In recent years, the climate crisis has been presented as the supreme challenge of the 21st century, however, observing the current Italian political debate, a suspicion arises that the issue has been downgraded from an existential emergency to a variable subordinate to the economic balances of the moment. 

While extreme events, namely the rare, high-intensity weather, climate, or environmental occurrences, continue to multiply, national and international political attention seems to have shifted in favour of energy security and industrial competitiveness, treating climate action as a luxury at best, and an obstacle to growth at worst.

When it comes to Italy, the paradox is evident: the country is one of the G7’s leading economies, but at the same time, it remains among the European countries most vulnerable to global warming. The wounds left by the floods in Emilia-Romagna in 2023, with damages totaling 8.5 billion euros, are not isolated anomalies: in 2025 alone, Legambiente’s Osservatorio Città Clima recorded a peak of 376 extreme weather events in Italy, a 5.9% increase compared to the previous year. The Mediterranean area is thus confirmed as Europe’s “boiler” heating up faster than the global average: in July 2025, surface waters reached a record average temperature of 26.9°C, with local peaks exceeding 28°C along our coasts.

Despite this objective risk scenario, the approach of the government led by Giorgia Meloni appears oriented toward an extremely gradual management of the energy transition. The narrative of so-called “ecological sovereignty” reinterprets environmentalism in a conservative key, arguing that environmental defense is a form of protecting the land and national identity. However, in its practical application to current events, this doctrine shows deep cracks.

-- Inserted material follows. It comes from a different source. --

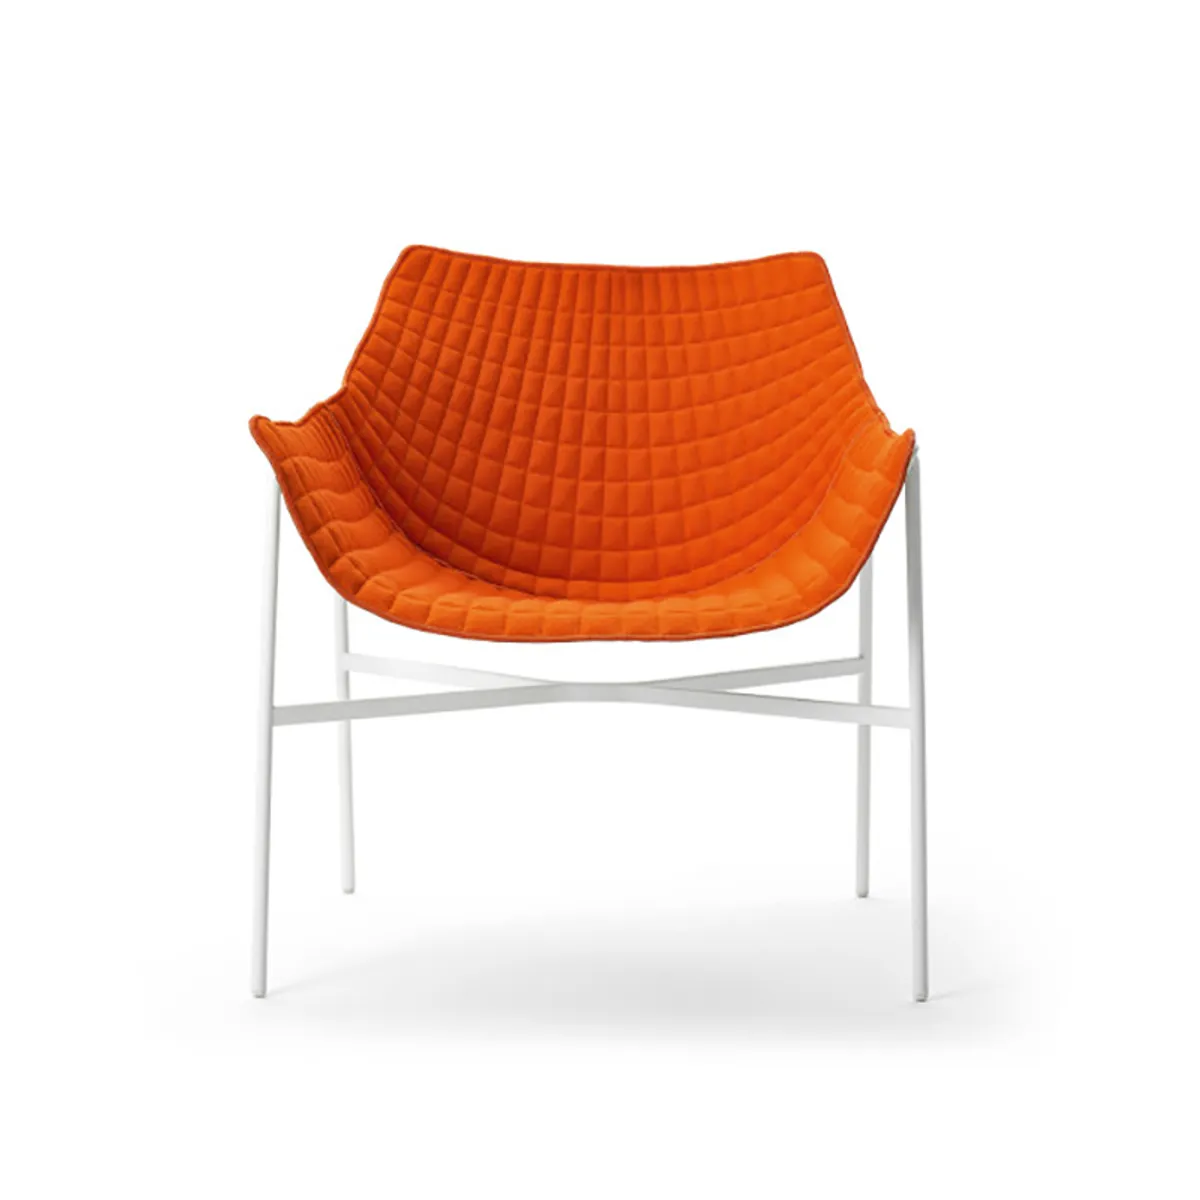 Summer White Metal Lounge Chair With Orange Seat Pad For Outside Bars And Restaurants

Faced with the extreme drought that hit the South and the Islands with a water deficit of 18% compared to historical averages, such a “sovereignty” pushed by by the far-right has translated primarily into emergency responses, ignoring that 94.5% of Italian municipalities are now exposed to hydrogeological risk. National protection seems limited to managing visible damage, while the National Climate Adaptation Plan struggles to find concrete implementation in cities, where only 39.7% of large centers have adopted operational resilience strategies.

Foto alluvione

From this perspective, the ecological transition is presented not as a global transformation, but as a matter of strategic autonomy. This justifies the promotion of new gas agreements in North Africa, presented as an energy shield, despite Italy maintaining the highest gas dependency among major EU countries, remaining dangerously exposed to the volatility of global markets.

In parallel, Italian criticism of the European Green Deal, described as “ideological,” risks ignoring Brussels’ new direction: the 2025 Clean Industrial Deal aims to use decarbonization specifically to relaunch industrial competitiveness against Chinese and American giants.

The most critical aspect of this downsizing concerns the loss of climate centrality in public debate, where disasters are normalized rather than addressed as systemic crises. It is a gamble for a country that depends on agriculture and tourism, as the absence of ambitious strategies threatens the very status of economic power that “sovereignty” aims to defend.

Ultimately, the climate crisis has not been forgotten by the halls of power, but it has been consciously downsized to a public order problem to be managed after the storm: a choice that risks transforming Italy’s “sovereignty” into the impotence of a country too busy defending its borders while the sea that protects them and the land that sustains them are already permanently changing face.